Information provided
---------------

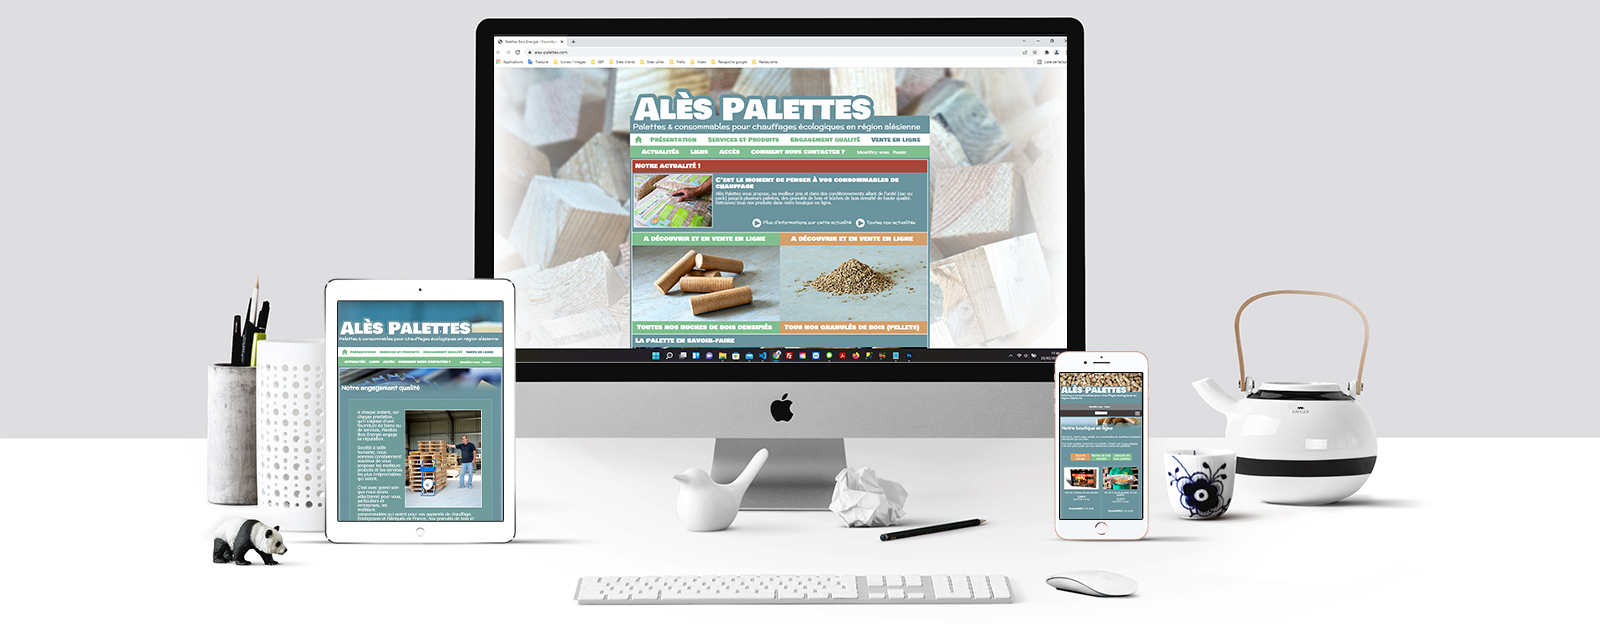 Le site de Alès palettes sur un écran Mac, un écran de tablette et un écran d'Iphone
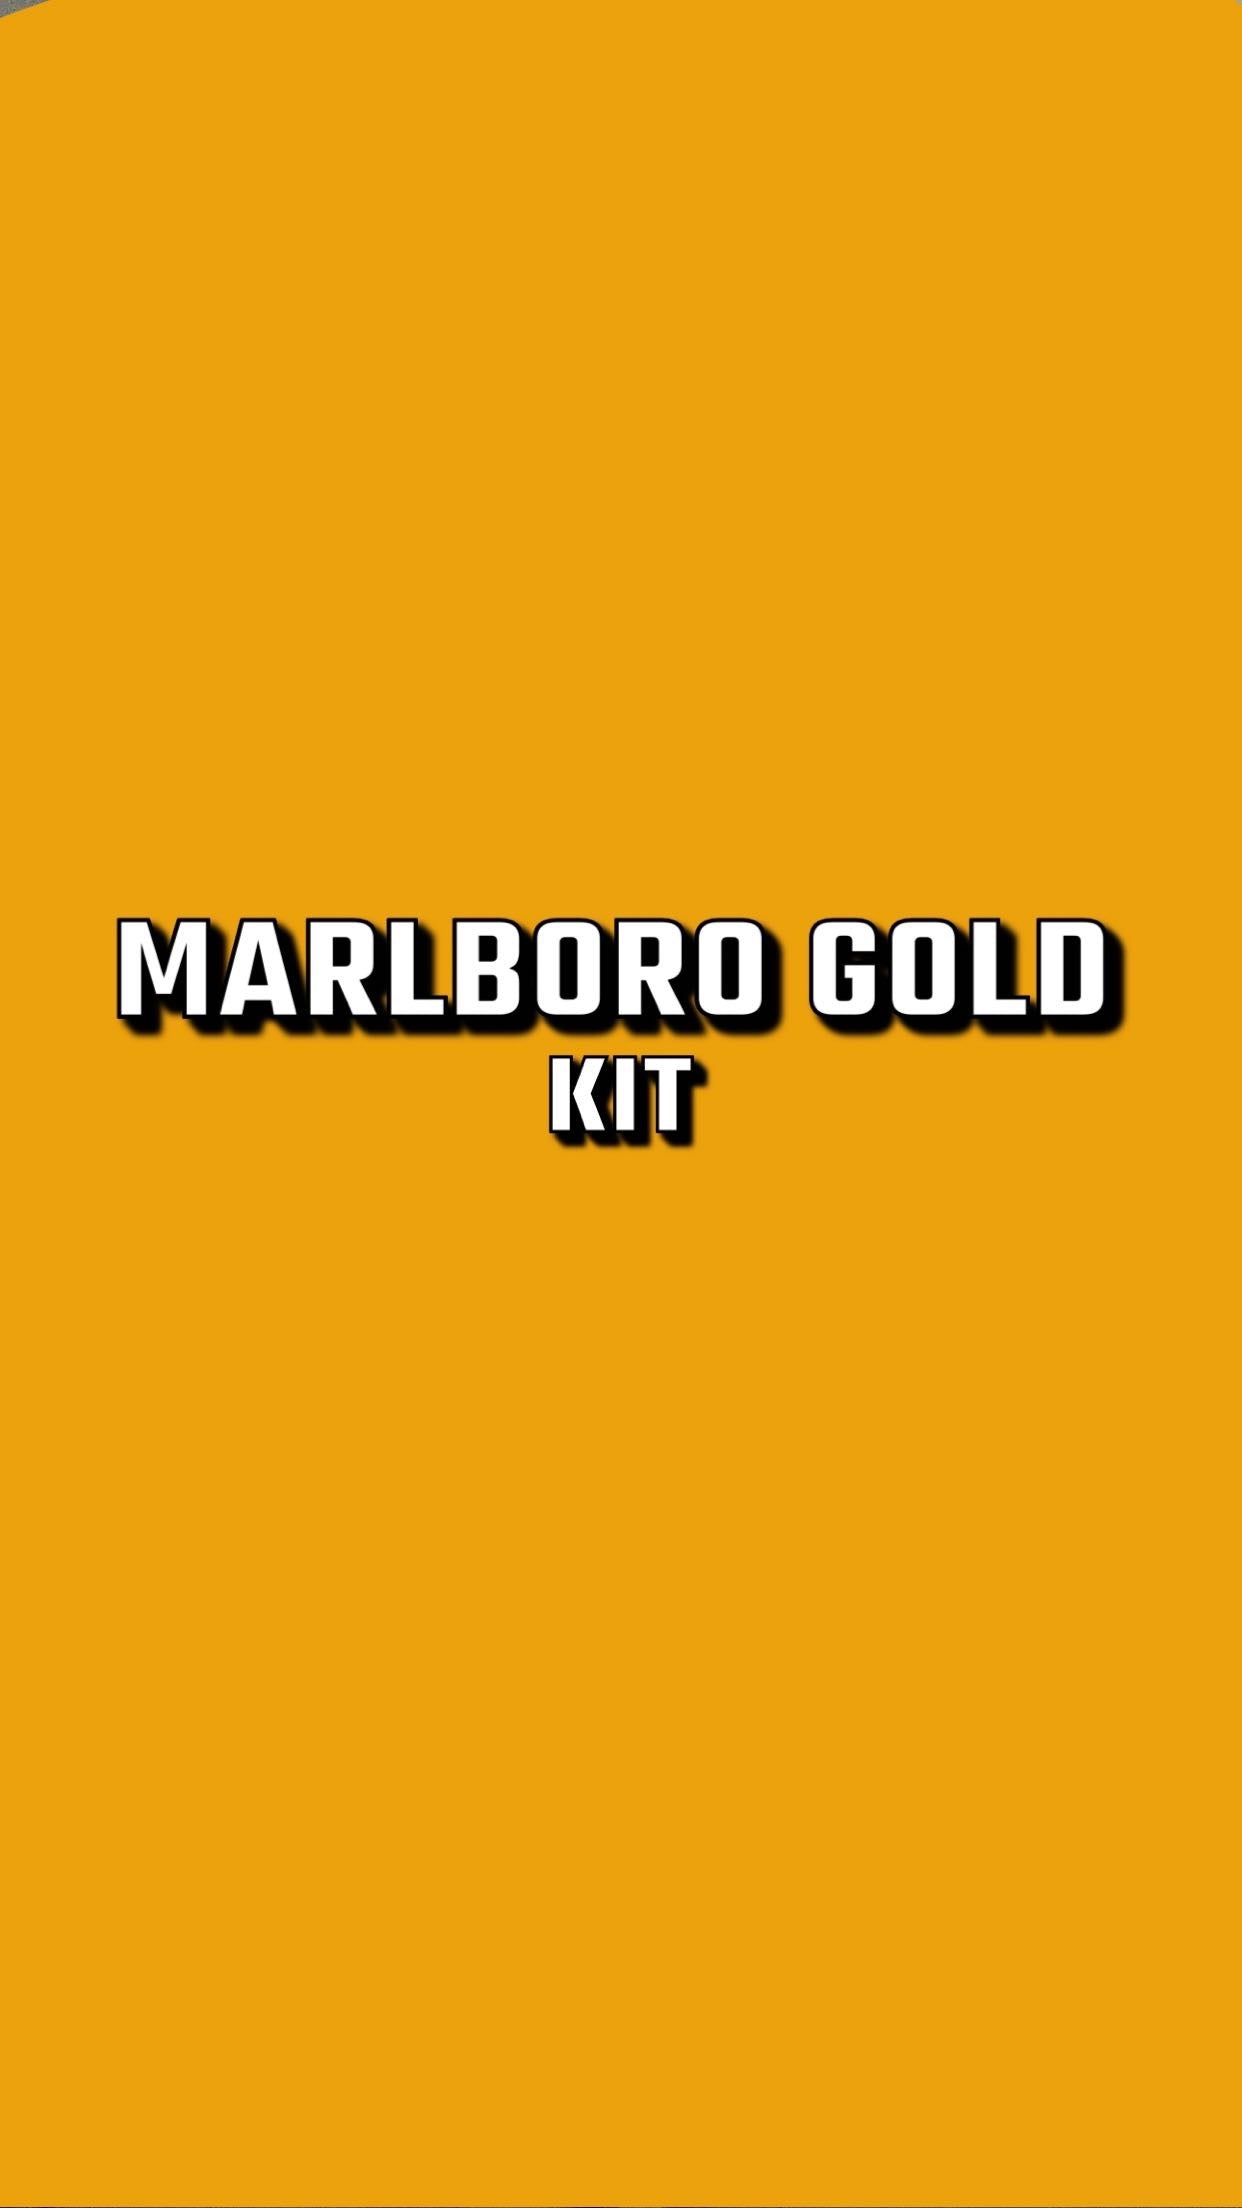 Marlboro gold KIT 16x20
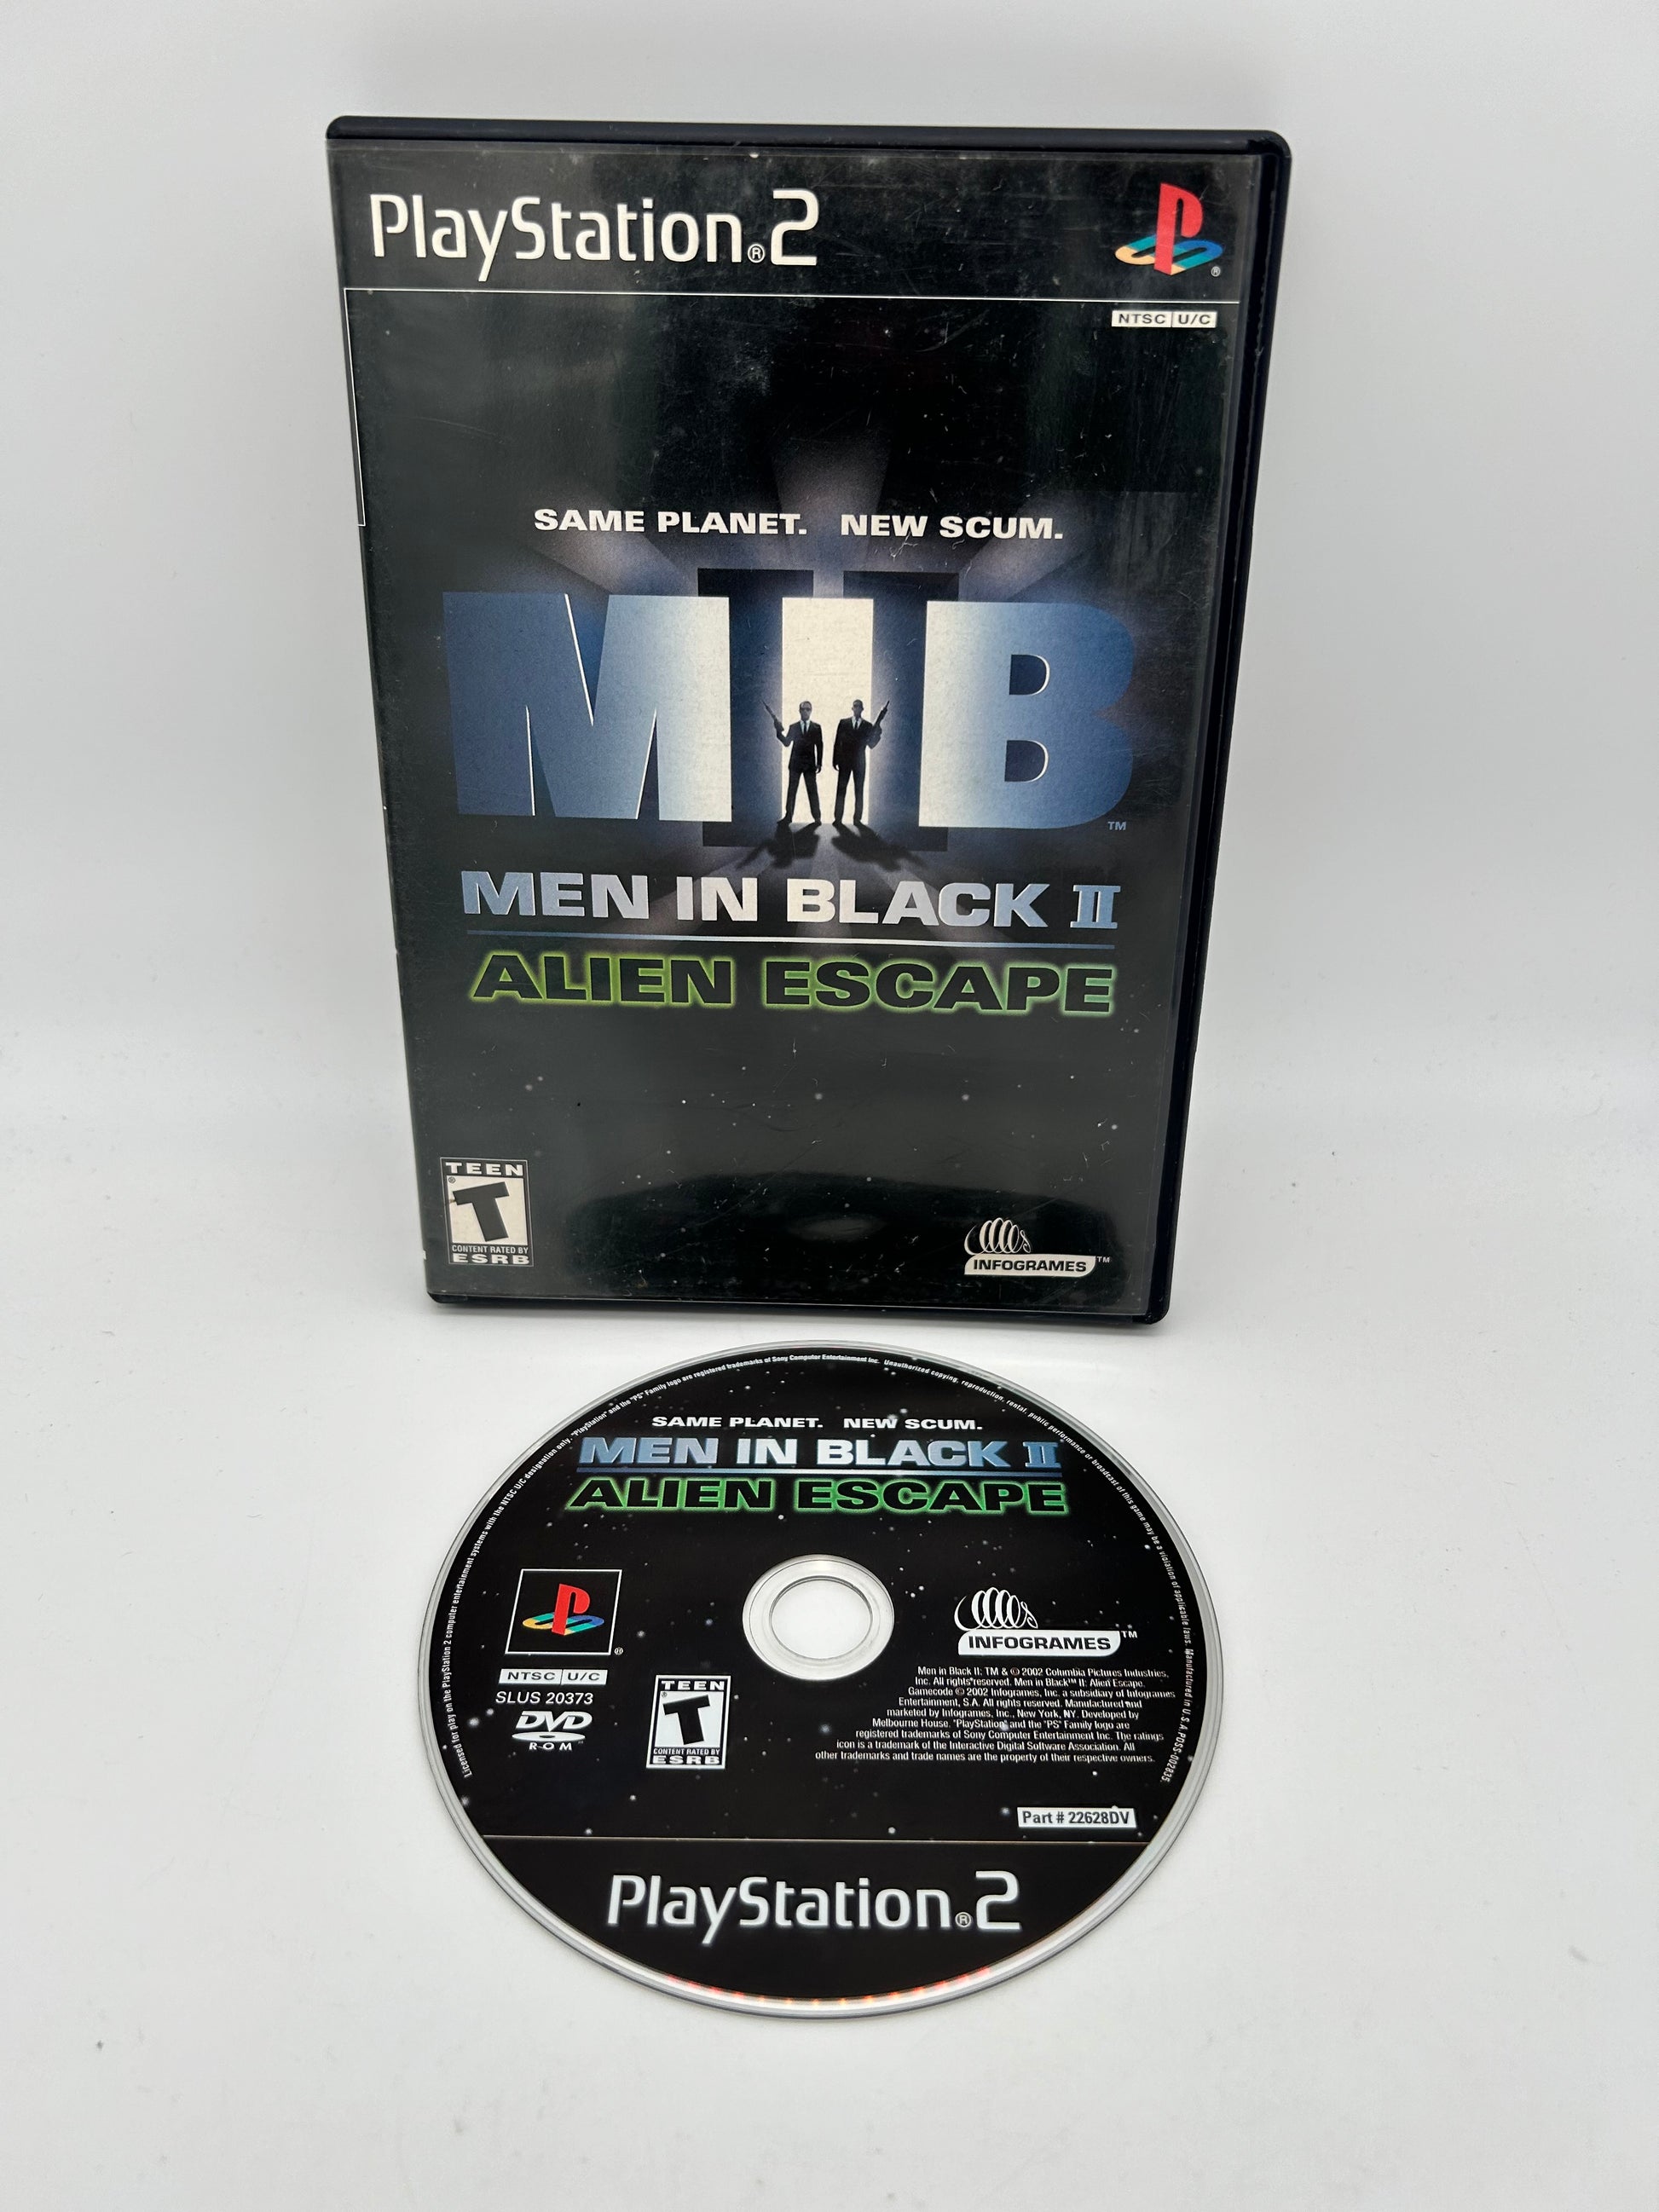 PiXEL-RETRO.COM : SONY PLAYSTATION 2 (PS2) COMPLET CIB BOX MANUAL GAME NTSC MEN IN BLACK II ALIEN ESCAPE MIB

---------------

What is expected
Each line of the material goes into your copy unchanged, but no picture does.

Solution for this task
 Le site de Alès palettes sur un écran Mac, un écran de tablette et un écran d'Iphone
 Marlboro gold KIT 16x20
 PiXEL-RETRO.COM : SONY PLAYSTATION 2 (PS2) COMPLET CIB BOX MANUAL GAME NTSC MEN IN BLACK II ALIEN ESCAPE MIB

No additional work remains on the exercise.